Drosanthemum speciosum
Drosanthemum speciosum produces brilliant flowers when it blooms. Source: Brande Jackson

Drosanthemum speciosum is the botanical name for royal dewflower. It is a great ground cover when you want to add a carpet of foliage to your landscape. Gray-green leaves form the base of the plant that produces colorful flowers (either purple, pink, or red). The best USDA growing zone since it prefers full sun is 9-11 and it is cold hardy to 20 degrees Fahrenheit. Royal dewflower grows up to 12 inches tall and spreads up to 3 feet. However, it is not tolerant of foot traffic. As soon as the roots of this plant touch bare soil they will begin to root. 

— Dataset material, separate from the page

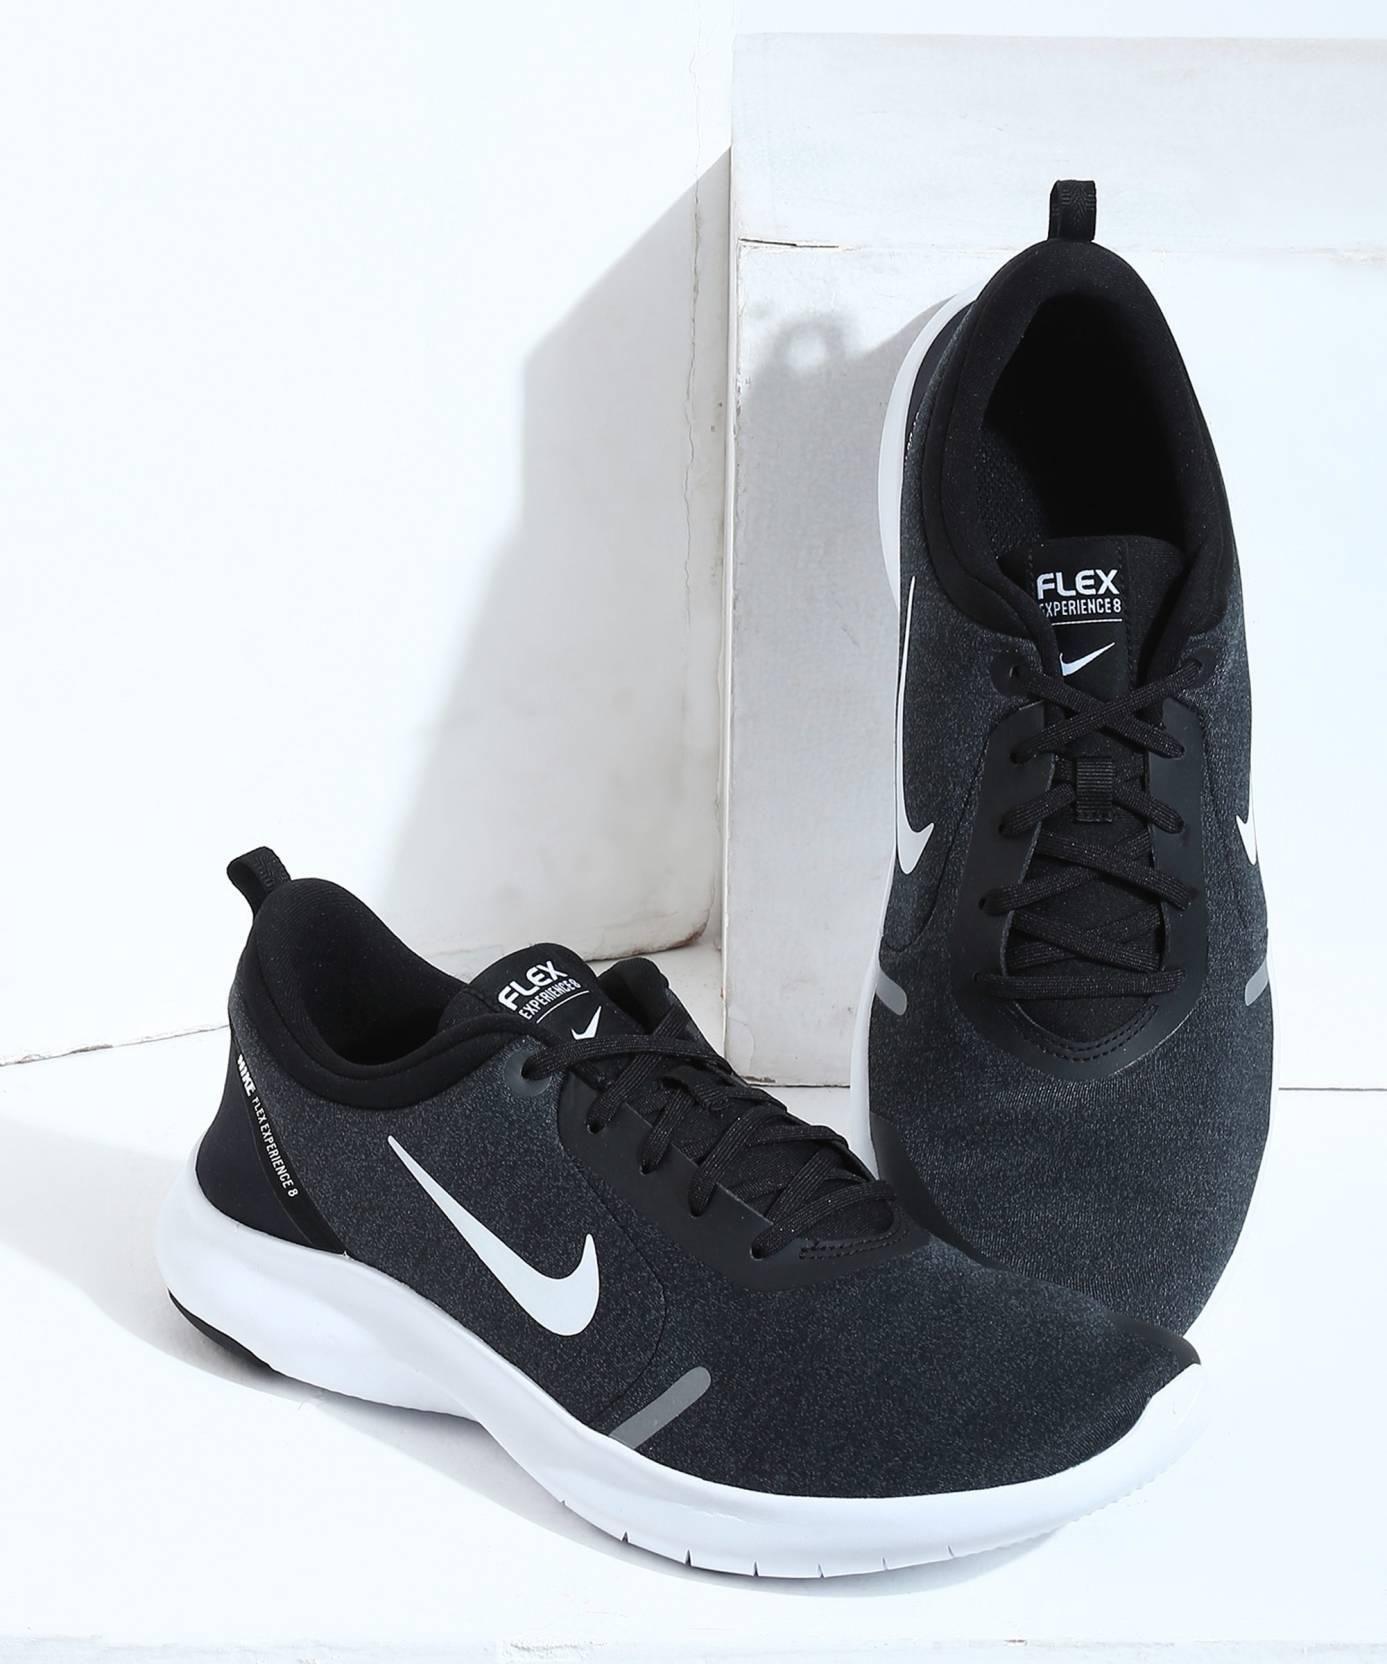 vegetariano Peregrinación Monopolio  Nike Shoes Price List in India on 10 Nov 2020 | Buy Shoes Online |  PriceDekho.com

Frequently Asked Questions

Q: Are succulents good for ground cover?

A: The answer will depend upon where you live. Succulents are excellent ground covers in low desert climates where the plant can receive plenty of bright light and heat during the day. Frost-free areas are ideal for succulents to thrive as a groundcover. Succulents are a great option for a xeriscaped yard even though they may be thought of as unconventional ground cover choices. 

Q: What is the best low-maintenance ground cover?

A: Stonecrops or sedums are an excellent ground cover if you are looking for something low-maintenance. This creeping ground cover can withstand extreme heat with very little water, and there are even some varieties that are frost tolerant. Ice plant is also another option for a year-round ground cover.